In this case, won't the call to \co{cpu_quiet()} fail to
report the quiescent state, thus causing the grace period
to wait forever for this now-offline CPU?
\QuickA{}
First, the lock acquisitions on lines~16 and 12 would prevent
the execution of line~26 from being pushed that far out of
order.
Nevertheless, even if line~26 managed to be misordered that
dramatically, what would happen is that \co{force_quiescent_state()}
would eventually be invoked, and would notice that the current
grace period was waiting for a quiescent state from an offline
CPU.
Then \co{force_quiescent_state()} would report the extended
quiescent state on behalf of the offlined CPU.
\QuickQ{}
Given that an offline CPU is in an extended quiescent state,
why does line~28 of
Figure~\ref{fig:app:rcuimpl:rcutreewt:Code for rcu-offline-cpu}
need to care which grace period it is
dealing with?
\QuickA{}
It really does not need to care in this case.
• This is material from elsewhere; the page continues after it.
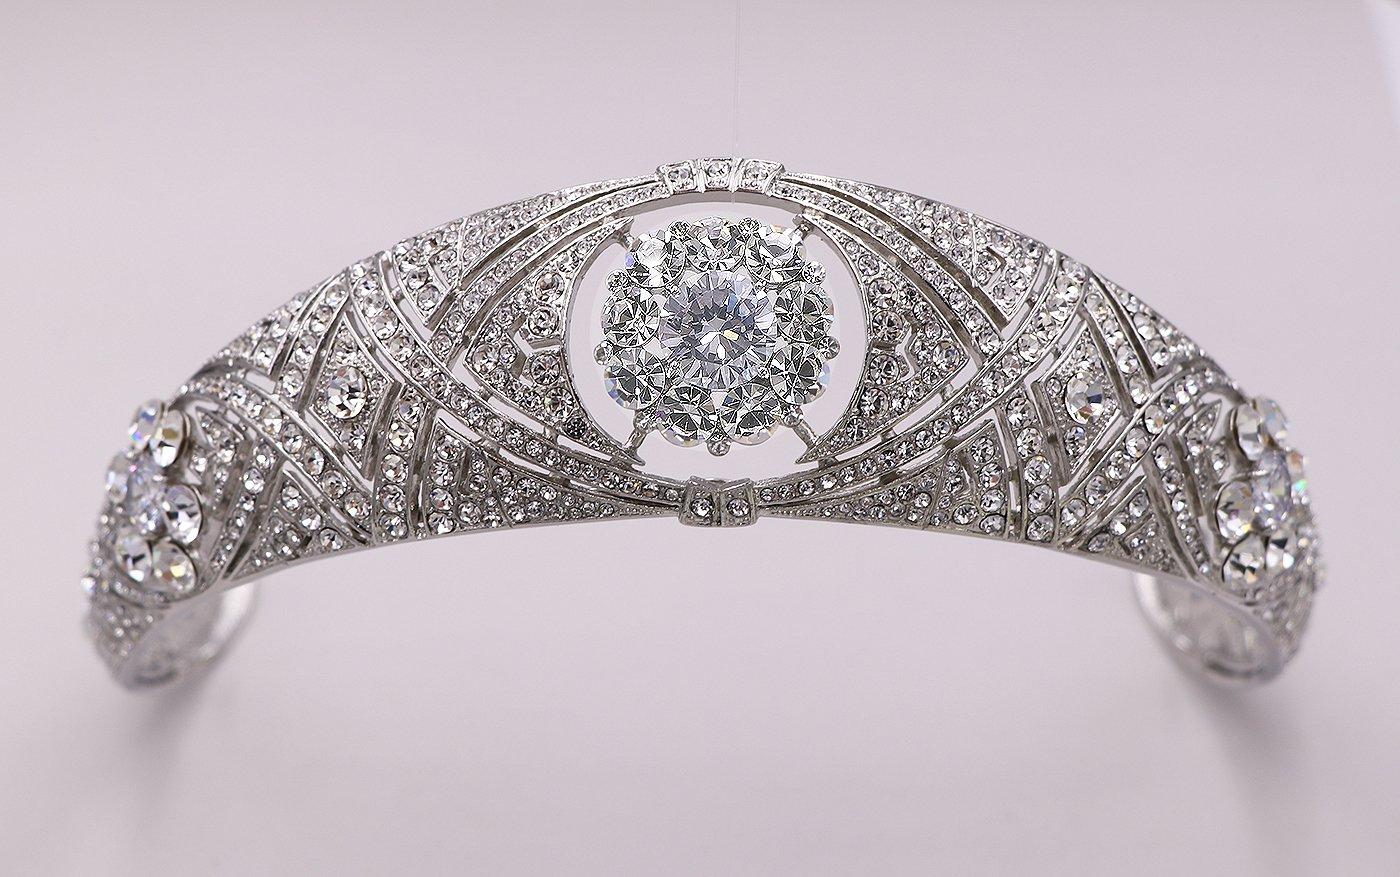 Amazon Com Meghan Markle Wedding Cubic Zirconia And Rhinestone Tiara Headpiece Handmade

However, because it \emph{does} need to care in many other
cases, the \co{cpu_quiet()} function does take the
grace-period number as an argument, so some value must be
supplied.
\QuickQ{}
But this list movement in
Figure~\ref{fig:app:rcuimpl:rcutreewt:Code for rcu-offline-cpu}
makes all of the going-offline CPU's callbacks go through
another grace period, even if they were ready to invoke.
Isn't that inefficient?
Furthermore, couldn't an unfortunate pattern of CPUs going
offline then coming back online prevent a given callback from
ever being invoked?
\QuickA{}
It is inefficient, but it is simple.
Given that this is not a commonly executed code path, this
is the right tradeoff.
The starvation case would be a concern, except that the
online and offline process involves multiple grace periods.
\QuickQ{}
Why not just expand \co{note_new_gpnum()} inline into
\co{check_for_new_grace_period()} in
Figure~\ref{fig:app:rcuimpl:rcutreewt:Noting New Grace Periods}?
\QuickA{}
Because \co{note_new_gpnum()} must be called for each new
grace period, including both those started by this CPU and
those started by other CPUs.
In contrast, \co{check_for_new_grace_period()} is called only
for the case where some other CPU started the grace period.
\QuickQ{}
But there has been no initialization yet at line~15 of
Figure~\ref{fig:app:rcuimpl:rcutreewt:Starting a Grace Period}!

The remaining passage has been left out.